==== Material supplied ====

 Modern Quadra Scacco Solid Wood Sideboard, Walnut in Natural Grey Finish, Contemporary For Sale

====
==== Material supplied ====

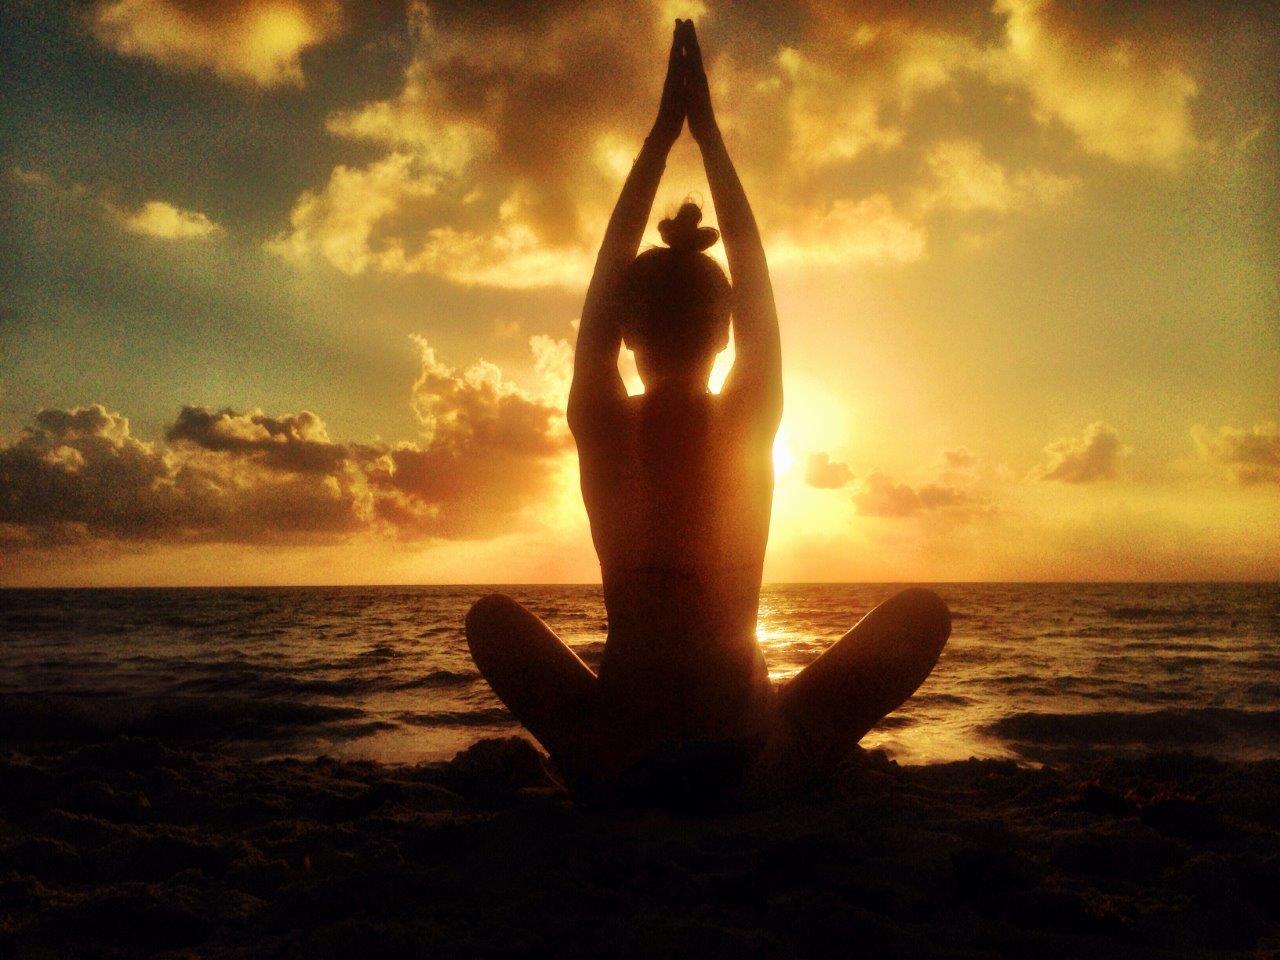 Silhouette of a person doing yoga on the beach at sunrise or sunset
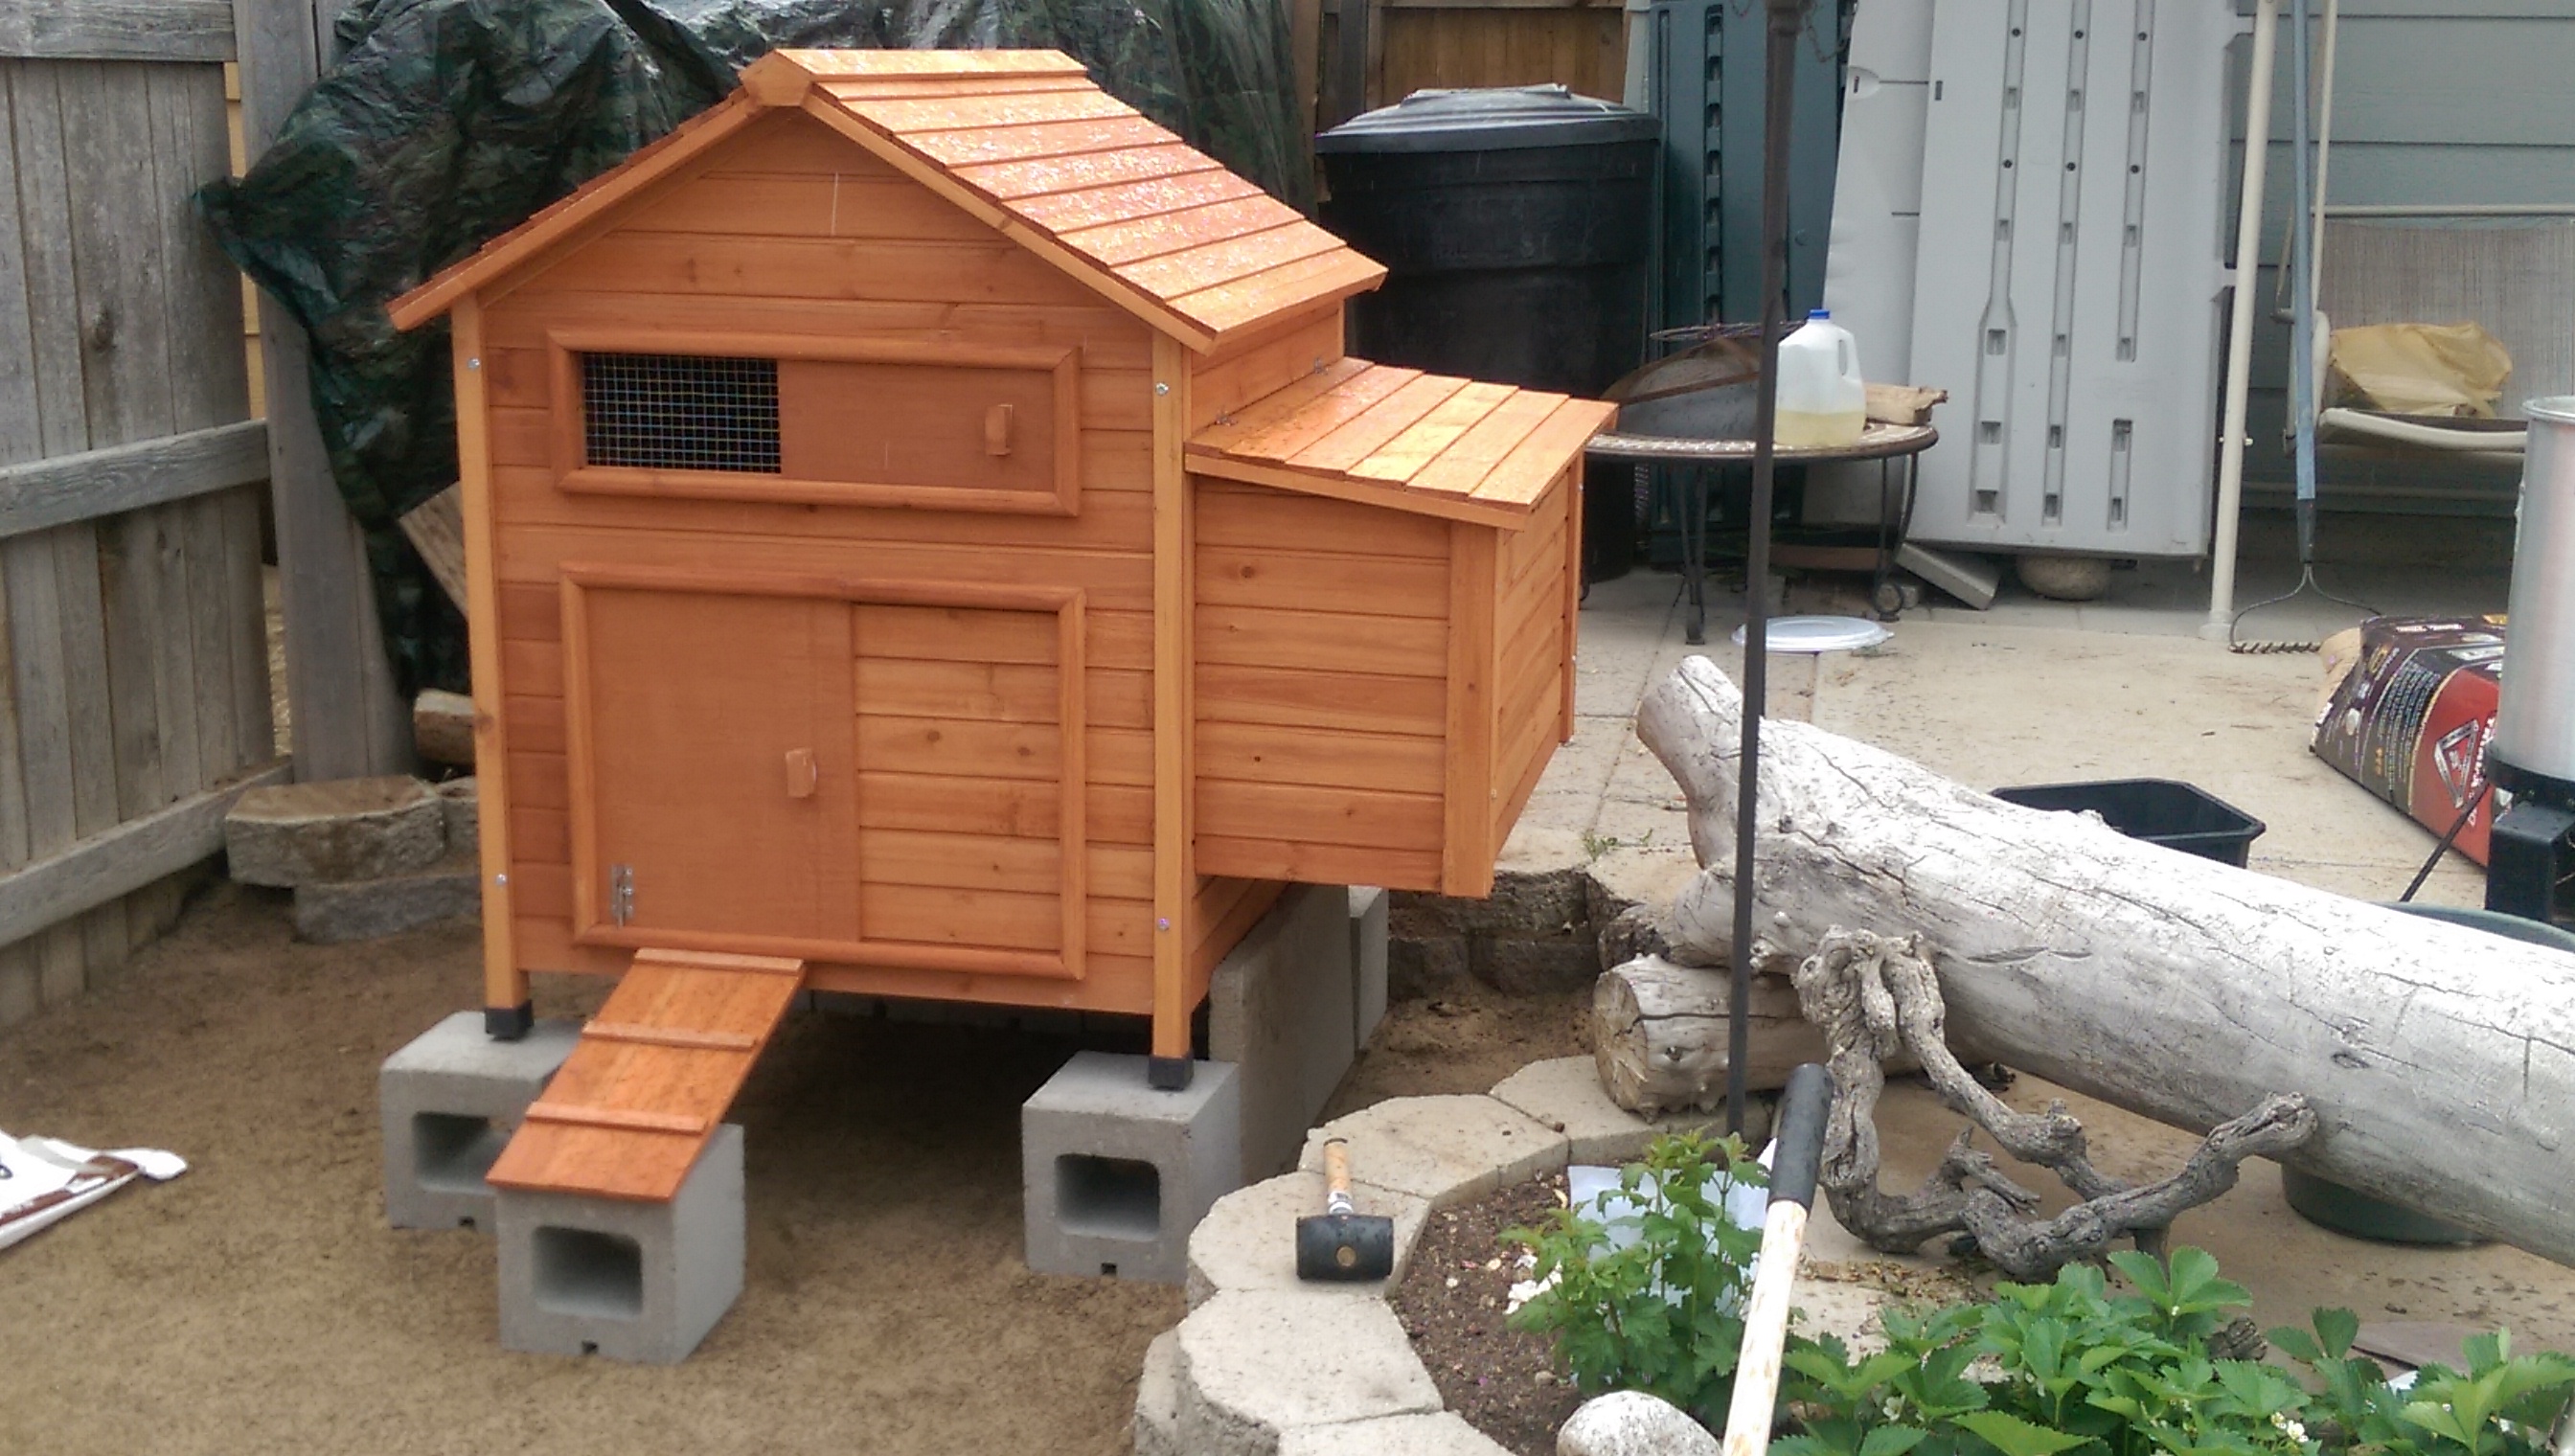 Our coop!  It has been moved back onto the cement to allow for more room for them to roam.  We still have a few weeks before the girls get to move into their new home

====

All lines above from the one containing "Silhouette of a" up to and including the one containing "their new home" are to be set down exactly, and nothing else. Leave images out.

 Silhouette of a person doing yoga on the beach at sunrise or sunset
 Our coop!  It has been moved back onto the cement to allow for more room for them to roam.  We still have a few weeks before the girls get to move into their new home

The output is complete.